** The data **

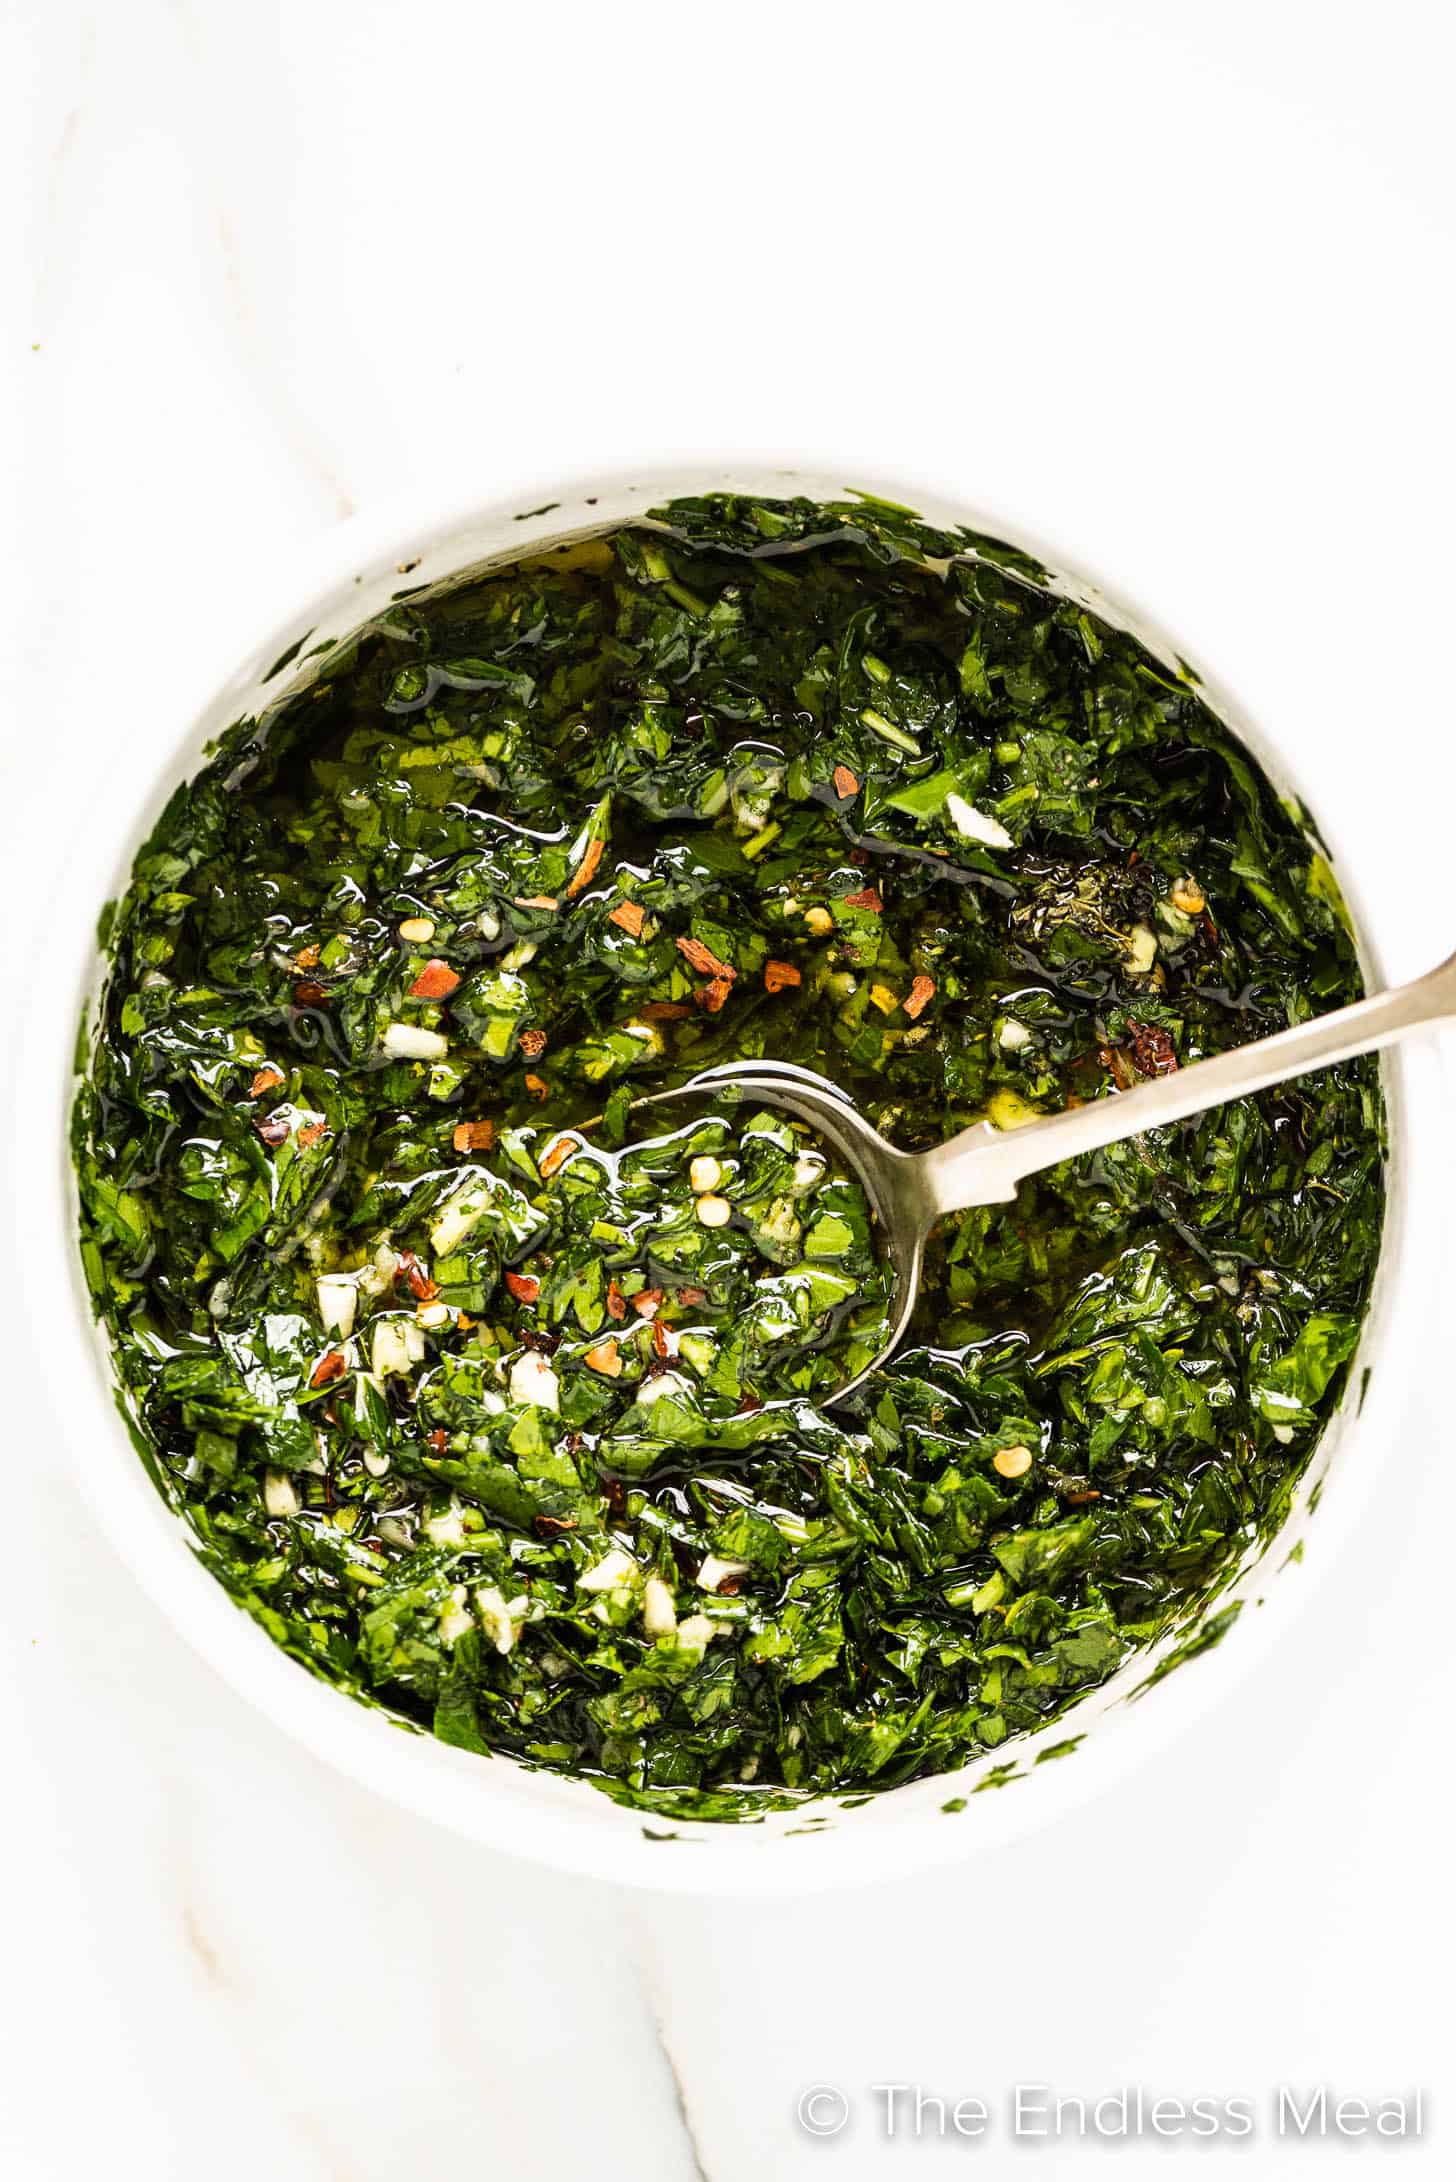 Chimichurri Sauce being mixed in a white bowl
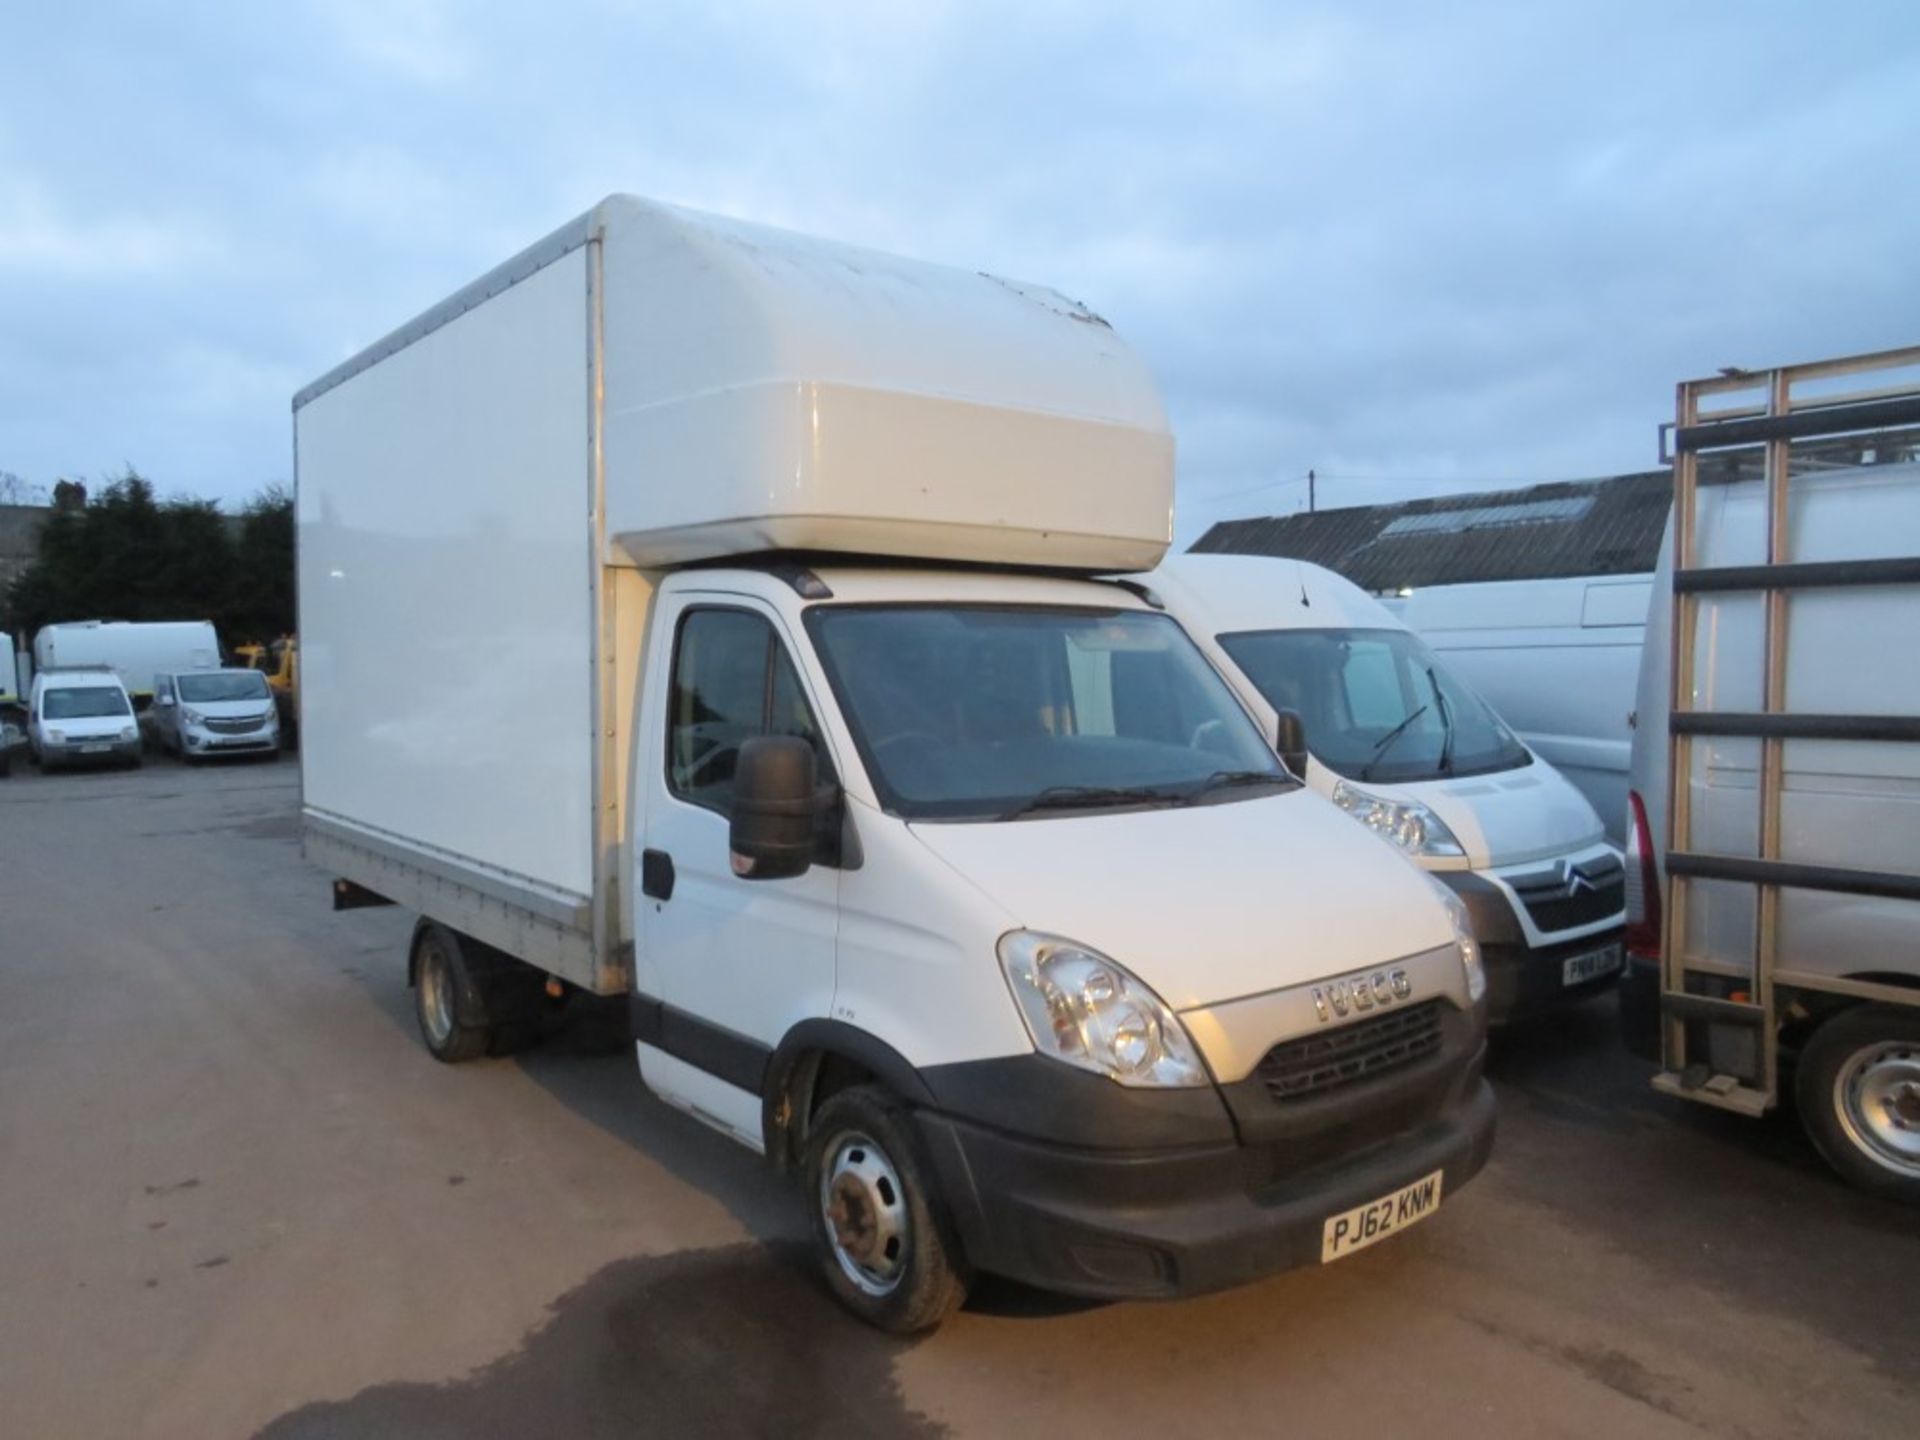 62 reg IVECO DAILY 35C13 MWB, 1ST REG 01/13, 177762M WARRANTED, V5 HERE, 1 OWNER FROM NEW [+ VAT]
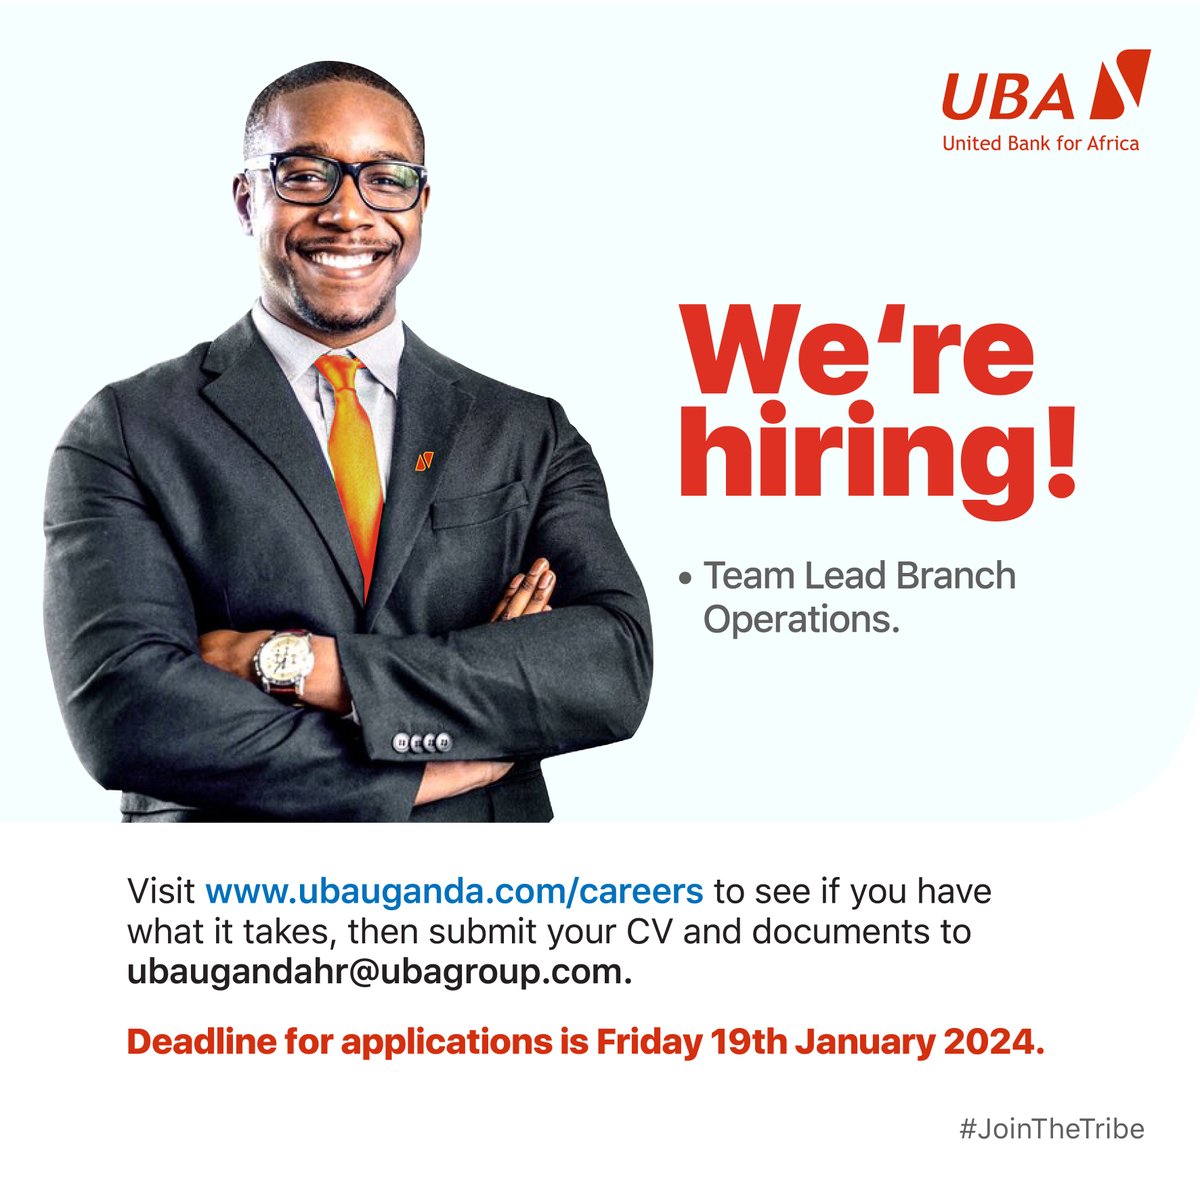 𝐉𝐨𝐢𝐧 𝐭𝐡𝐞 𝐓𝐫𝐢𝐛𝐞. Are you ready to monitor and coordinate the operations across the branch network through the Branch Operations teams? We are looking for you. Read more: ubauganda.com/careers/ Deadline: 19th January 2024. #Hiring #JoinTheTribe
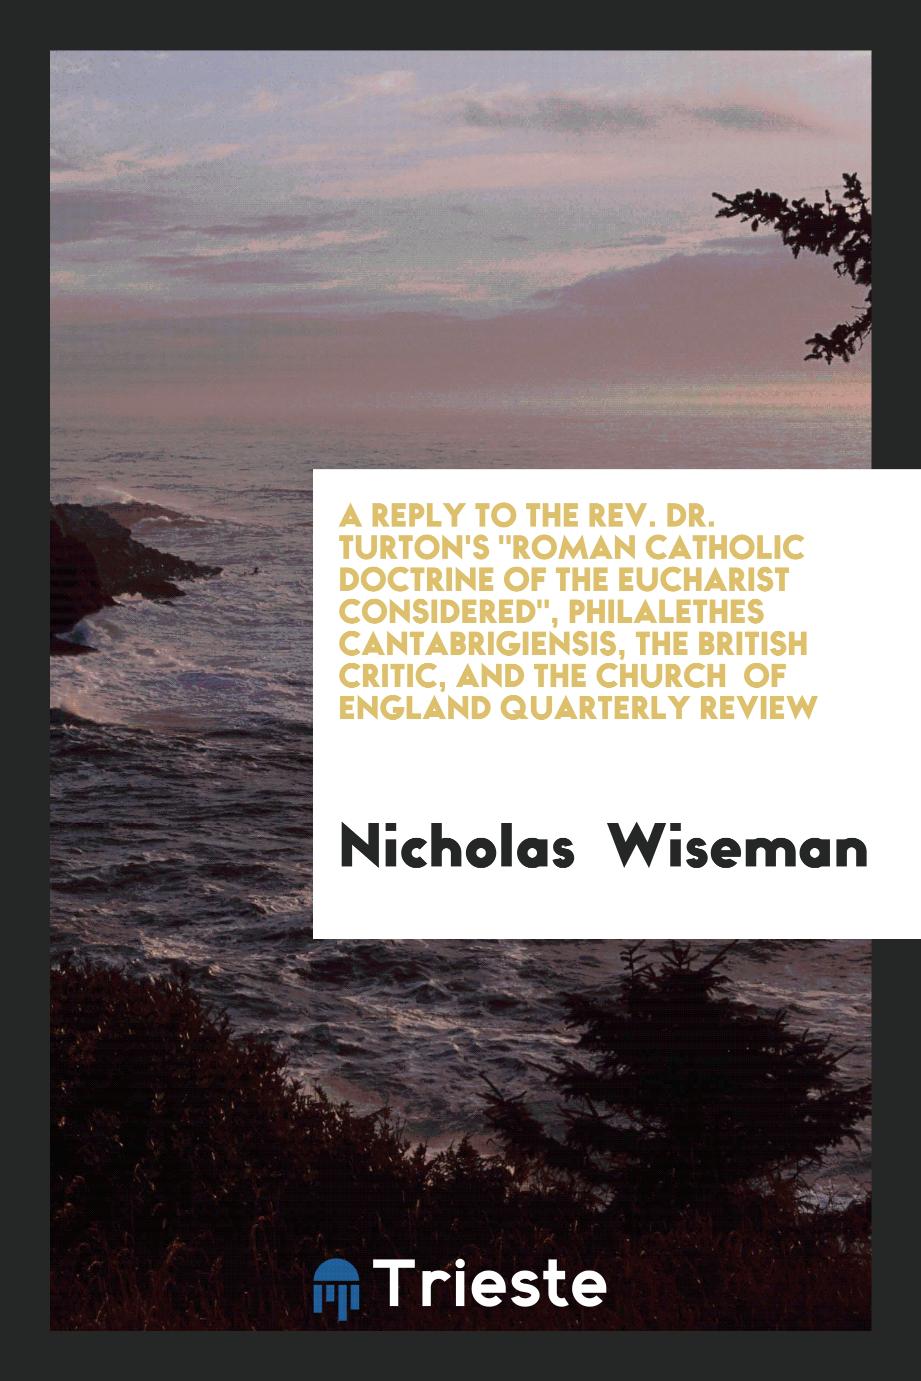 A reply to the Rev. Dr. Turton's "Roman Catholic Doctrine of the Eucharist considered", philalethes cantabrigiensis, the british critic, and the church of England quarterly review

** Task requirements **
Your copy of the listing should match it exactly, apart from the pictures, which are left out.

** Exercise solution **
 Chimichurri Sauce being mixed in a white bowl
 62 reg IVECO DAILY 35C13 MWB, 1ST REG 01/13, 177762M WARRANTED, V5 HERE, 1 OWNER FROM NEW [+ VAT]
 𝐉𝐨𝐢𝐧 𝐭𝐡𝐞 𝐓𝐫𝐢𝐛𝐞. Are you ready to monitor and coordinate the operations across the branch network through the Branch Operations teams? We are looking for you. Read more: ubauganda.com/careers/ Deadline: 19th January 2024. #Hiring #JoinTheTribe
 A reply to the Rev. Dr. Turton's "Roman Catholic Doctrine of the Eucharist considered", philalethes cantabrigiensis, the british critic, and the church of England quarterly review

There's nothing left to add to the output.